What happened to Smush? He doesn't start in Miami?

:lol:


----------



## VeN (May 10, 2005)

edwardcyh said:


> What happened to Smush? He doesn't start in Miami?
> 
> :lol:


they figured out hes garbage too


----------



## NewAgeBaller (Jan 8, 2007)

edwardcyh said:


> What happened to Smush? He doesn't start in Miami?
> 
> :lol:


we'd pretty much rather play Blount at point guard..


----------



## Dean the Master (Feb 19, 2006)

edwardcyh said:


> hmmm... I used to enjoy going to Miami games to boo Antoine Walker, but now that incentive is gone....
> 
> I wonder what the line is...


The line is pretty amazing. 

Now that I am a CM now, do you guys want the vBookie event and the Game Thread be merged from now on, like what I've been doing on the Rockets Board?


----------



## Flash is the Future (May 12, 2006)

Dean the Master said:


> The line is pretty amazing.
> 
> Now that I am a CM now, do you guys want the vBookie event and the Game Thread be merged from now on, like what I've been doing on the Rockets Board?


You should definitely do that. It makes it so much cleaner


----------



## Flash is the Future (May 12, 2006)

edwardcyh said:


> What happened to Smush? He doesn't start in Miami?
> 
> :lol:


We kicked him off the team after he assaulted a valet parking attendent a while back. Then everyone got hurt, so we invited him back, but he still hasn't played.


----------



## croco (Feb 14, 2005)

I expect Dwyane Wade to get 35+ in this game, but at the same time it might not be enough to avoid a blowout.


----------



## Flash is the Future (May 12, 2006)

croco said:


> I expect Dwyane Wade to get 35+ in this game, but at the same time it might not be enough to avoid a blowout.

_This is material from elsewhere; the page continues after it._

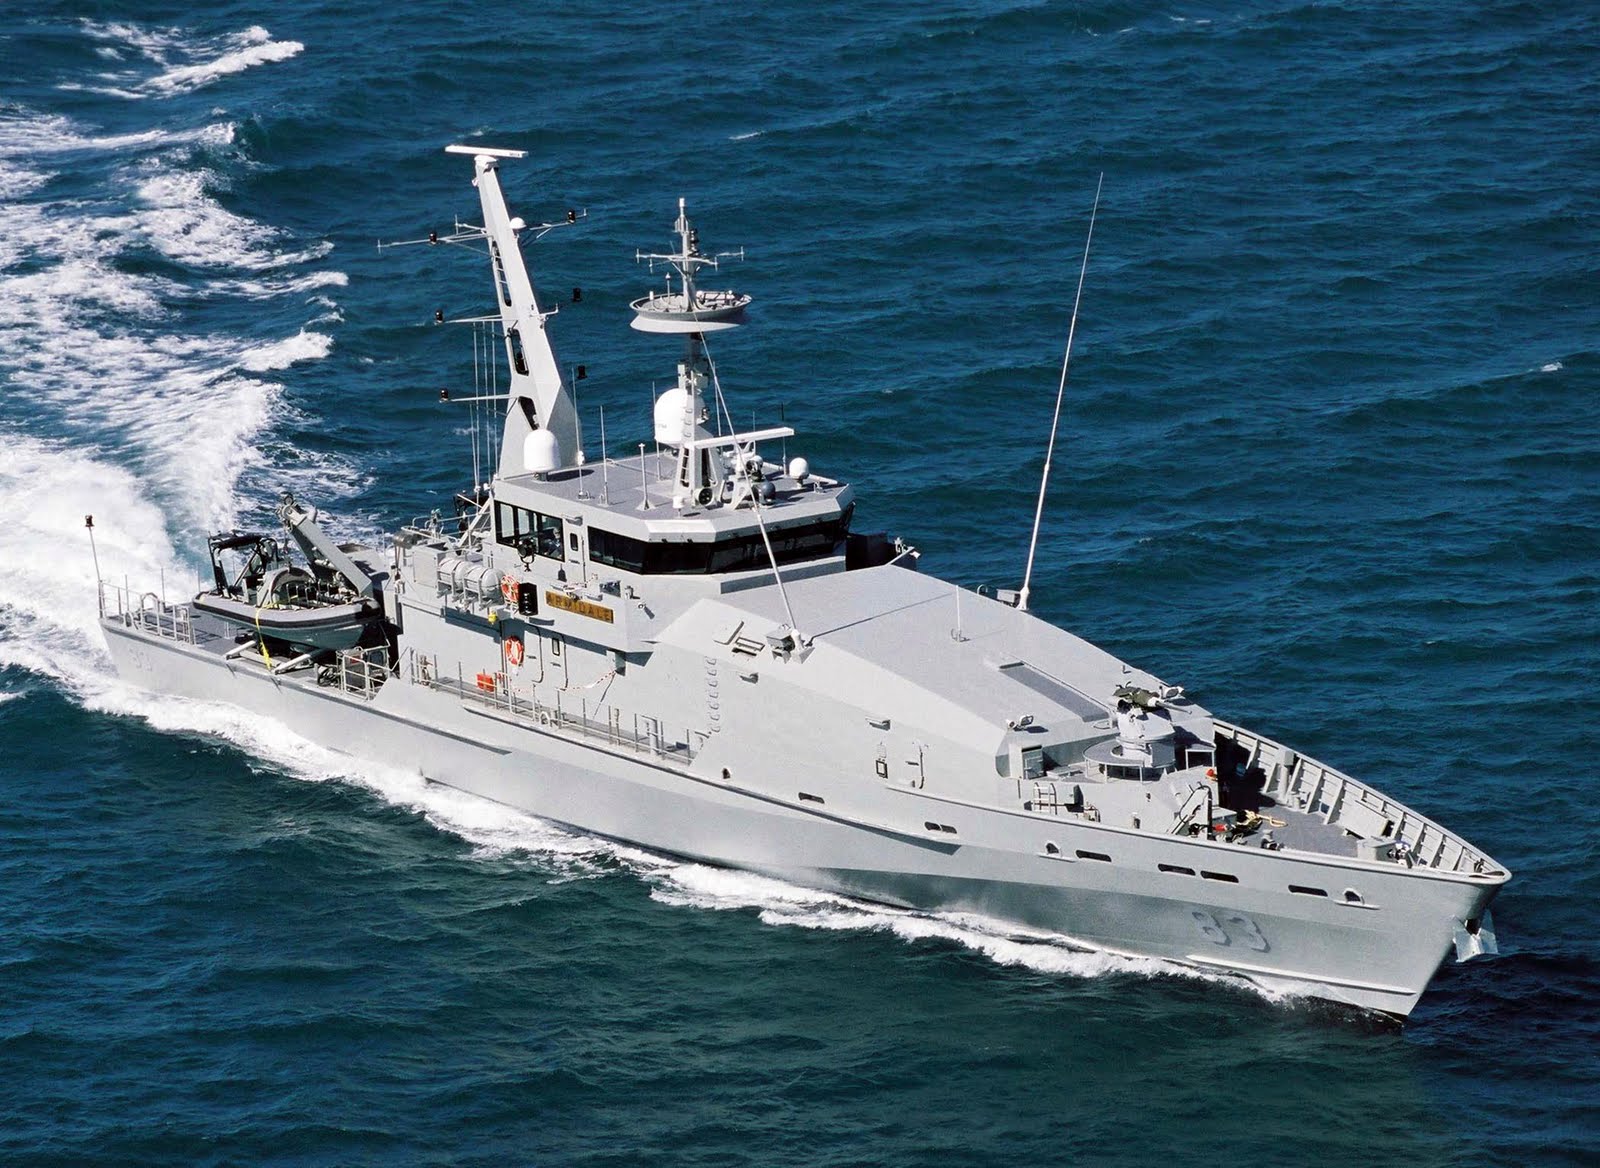 HMAS Larrakia (ACPB 84) Backgrounds, Compatible - PC, Mobile, Gadgets| 1600x1168 px

He looks disinterested, almost like we're tanking. He too like 2 shots in the first half of our last game. He made a bunch of crazy ones in the 3rd quarter, but still. I don't know what to expect out of him. I we win this game, you guys just got really unlucky.


----------



## croco (Feb 14, 2005)

Flash is the Future said:


> He looks disinterested, almost like we're tanking. He too like 2 shots in the first half of our last game. He made a bunch of crazy ones in the 3rd quarter, but still. I don't know what to expect out of him. I we win this game, you guys just got really unlucky.


He has always been that way, even if he had only six points you knew that he would still get 25-30 by the end of the game. The difference is that the supporting cast sucks now and he would have to take more shots, but that is not his mentality.


----------



## croco (Feb 14, 2005)

Wade is out, they just reported it on ESPN. If the Mavs don't hold this team under 80 points now they need to run defense drills until they drop off.


----------



## croco (Feb 14, 2005)

Oh God, Jon Barry is terrible.


----------



## croco (Feb 14, 2005)

croco said:


> Oh God, Jon Barry is terrible.


He is even worse.


----------



## croco (Feb 14, 2005)

I'm still hoping to see some consistency from the team, but it might not happen.


----------



## croco (Feb 14, 2005)

croco said:


> Wade is out, they just reported it on ESPN. If the Mavs don't hold this team under 80 points now they need to run defense drills until they drop off.


Uh yeah, so much for that. Giving up 56 points in the first half to a depleted Miami team is inexcusable.


----------



## croco (Feb 14, 2005)

Bad game.


----------



## Jet (Jul 1, 2005)

Hey, bad game, but we still came out on top.


----------



## VeN (May 10, 2005)

omfg wade didnt even play... wow


----------



## edwardcyh (Dec 13, 2005)

Looks like we are heading back to preseason again.

Damp didn't play at all, and JJ Barea was the only other player didn't see any playing time.


----------



## edwardcyh (Dec 13, 2005)

How about Eddie Jones tonight with 17 points and deadly from beyond the arc.

If Jones and Bass can alternate and step up in every other game, I am one happy camper. :biggrin:


----------



## croco (Feb 14, 2005)

Conclusions with this team are impossible.


----------